Cannon Ball had quivered and slowed to a walk. Winters’ hand did not snap to his sixgun, for there’d been such disarming friendliness in that unexpected voice that he felt no alarm, but only an enlivened dread.
“Howdy, stranger,” he said in a voice that sounded unlike his own.
“No stranger, Winters. I’m quite an old stick in these parts. You ought to know Colyer Gunstock. Collie Gunstock, to my close friends.”
A man of excellent proportio
ns, superbly mounted, drew alongside Cannon Ball.
“Gunstock?” said Winters, darkly puzzled.
“Of course,” said his companion. “I’m quite a legend in your country.
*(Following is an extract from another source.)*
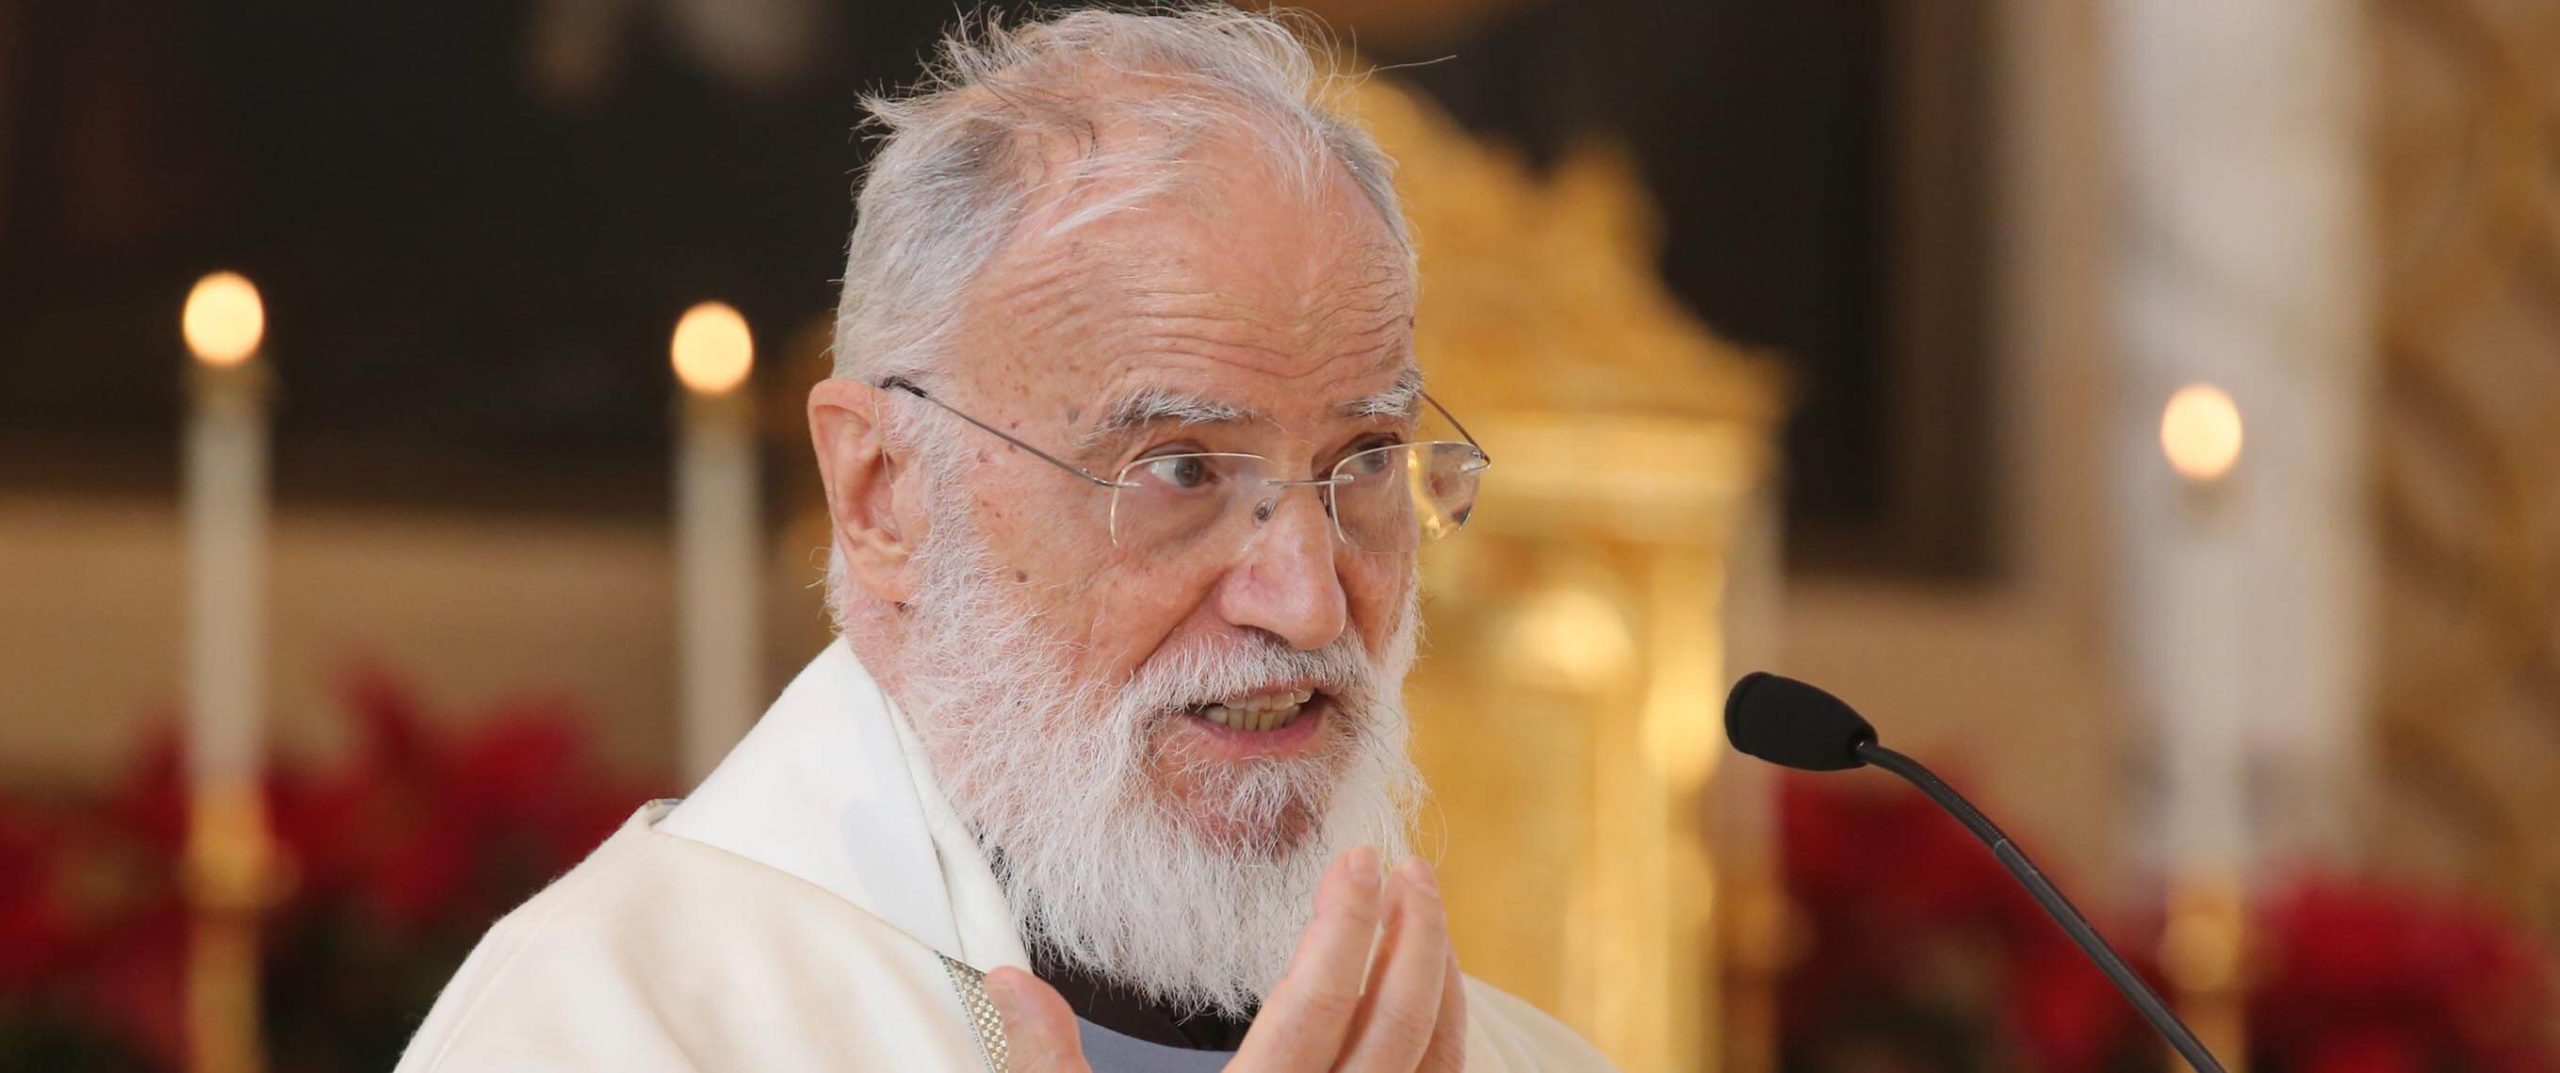 Archbishop Lori and other bishops describe retreat as profound, inspiring

Colyer Gunstock, English hunter. Any man who chased buffalo on your Western plains could tell you much about me.”
Winters made a quarter-turn in his saddle. “Colyer Gunstock? No, no. You can’t be Gunstock; he was tramped to rags long since by stampeding buffalo.”
Gunstock nodded. “In a manner of speaking, yes. But we shall not haggle over technicalities. You’ve chosen an excellent time to be passing this way, Winters. This is carnival night.”
“Carnival night?”
“That’s what I said.”
* * * *
Winters knew about carnivals. He’d seen them when he was a button on Trinity River, down in Texas. Tents, shows, monkeys, rope-walkers, gyp-joints, lemonade, fancy clothes, freaks, monstrosities. But a carnival here?
Not in these desolate mountains!
Another thing puzzled Winters. Lost Robert and Collie Gunstock had called him by name, though he’d never before seen either of them. He sleeved his face. He pinched himself to make certain his body still reacted as live, human flesh.
Gunstock was a talkative fellow. He entertained Winters with accounts of buffalo hunts in Dakota and Kansas, riding to hounds in England, lion-shooting in Africa, skirmishes with savages in various jungles.
They came to a fork in their trail, one that led north, one west. Winters held back, hoping Gunstock would make a choice and ride on. But Gunstock held back, too. He waited for Winters to choose, and when Winters, frustrated and sweaty, headed west, Gunstock drifted easily along at his side.
Almost immediately a voice rang clear from atop a great cliff and clanged away into infinity.
“Tallyho-o!” Echoes or answering voices carried on so distantly that stars themselves seemed to be crying “tallyho-o”.